An endoprosthesis is used to bridge the bone defect after tumour resection. The patient is able to do all activities of ADL except squatting on the floor. These implants cost anywhere between Rs 60,000 to Rs 1,00,000 depending on the length of tumour resection. There are more expensive imported implants ranging from 3 to 12 lakhs which are biomechanically better. Depending on the extend of the lesion at times we may need to remove the entire bone and replace with implant as in case of Total Femur or Total Humeral replacement.
However expensive or sophisticated the implant may be it is bound to fail at some time or other.

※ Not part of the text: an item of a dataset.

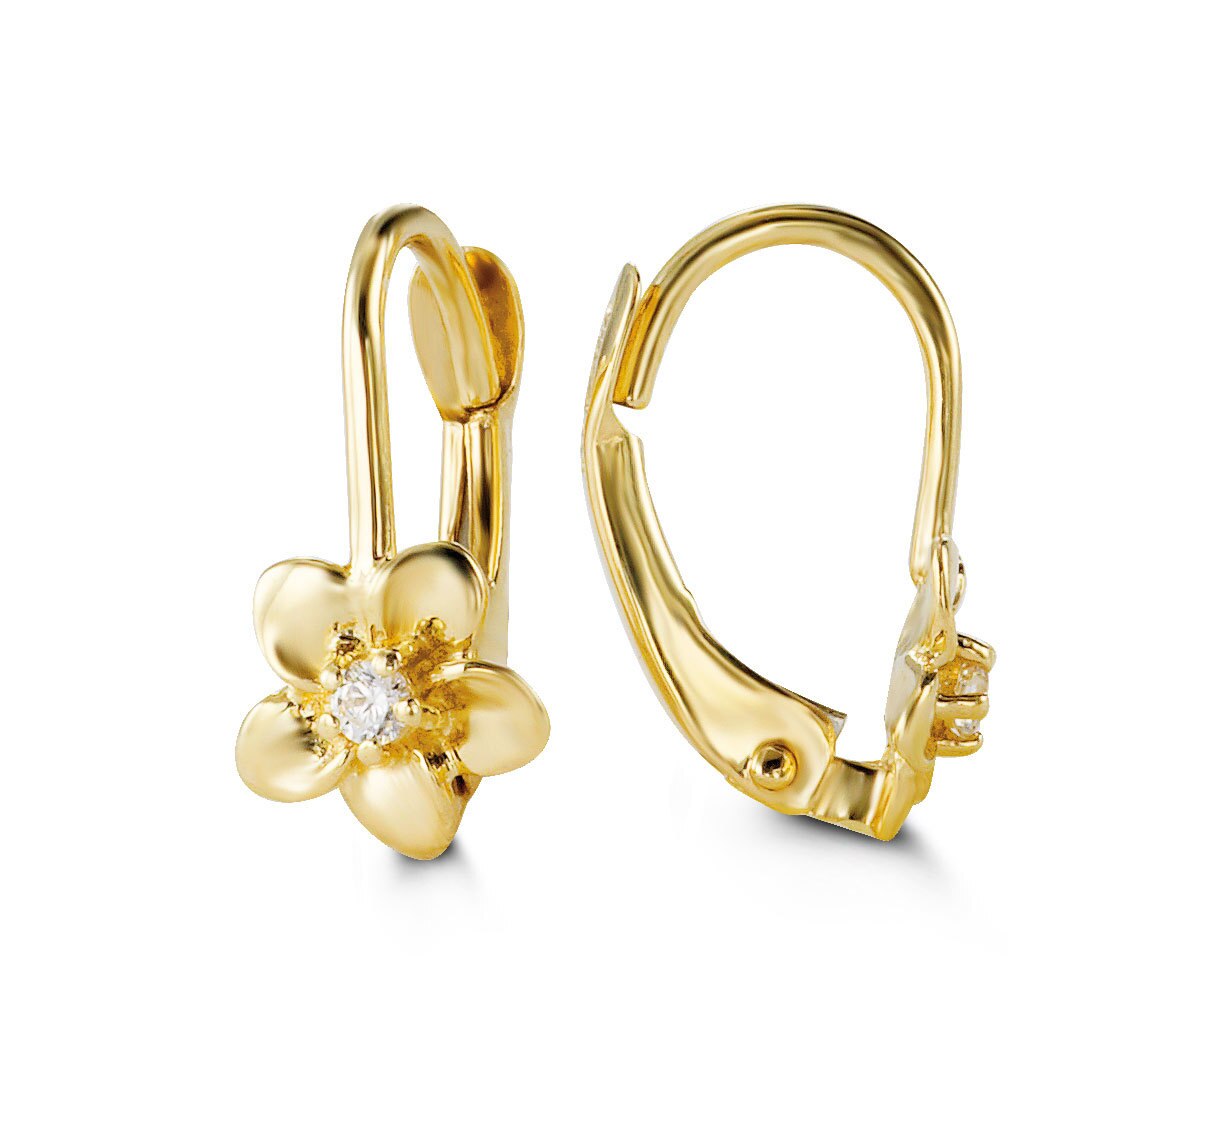 10K Yellow Gold Flower Shape CZ Baby Earrings

We are yet to develop an implant which is as good as our natural joint. So wherever possible one needs to take steps to preserve the natural joint by doing biological reconstruction techniques.
tumours which do not cross the growth plate, intercalary resection is possible to attain wide margins. The bone gap can either be bridged by allograft from bone bank if facilities are available. The other option would be to give high dose radiotherapy (50 Gy single shot) to the resected bone so that it kills all the tumour cells. The bone is thoroughly cleaned and reimplanted into the patient and stabilized by a platte fixation. There are enough publications in literature to show that Extra Corporeal Radiotherapy(ECRT) is a safe procedure and is not associated with local recurrence.
Pelvic tumours require multidisciplinary team approach due its complex anatomy and proximity to vital structures. Internal hemipelvectomy where different parts of the pelvis are removed depending on the tumour involvement helps to preserve the lower limb. The reconstructive technique after tumour depends on the age of the patient and type of resection. These are complex surgical procedures which take time and require multidisciplinary team approach for complete tumour excision.
For tumours of the sacrum a combined anterior abdominal and posterior approach may be required. External hemipelvectomy for very large tumours requires removal of the whole limb along with the pelvis.
With the use of the newer potent chemotherapeutic drugs the life expectancy of these patients have increased from the dismal 20 – 40% to the current 60 – 80%. Even the simplest of procedures like biopsy is very crucial as, if it is not properly done will affect the overall outcome of treatment. Orthopaedic oncology must be a team approach where everyone combines their skill to help these unfortunate patients. If diagnosed early and treated appropriately one can get gratifying results in the management of bone tumours.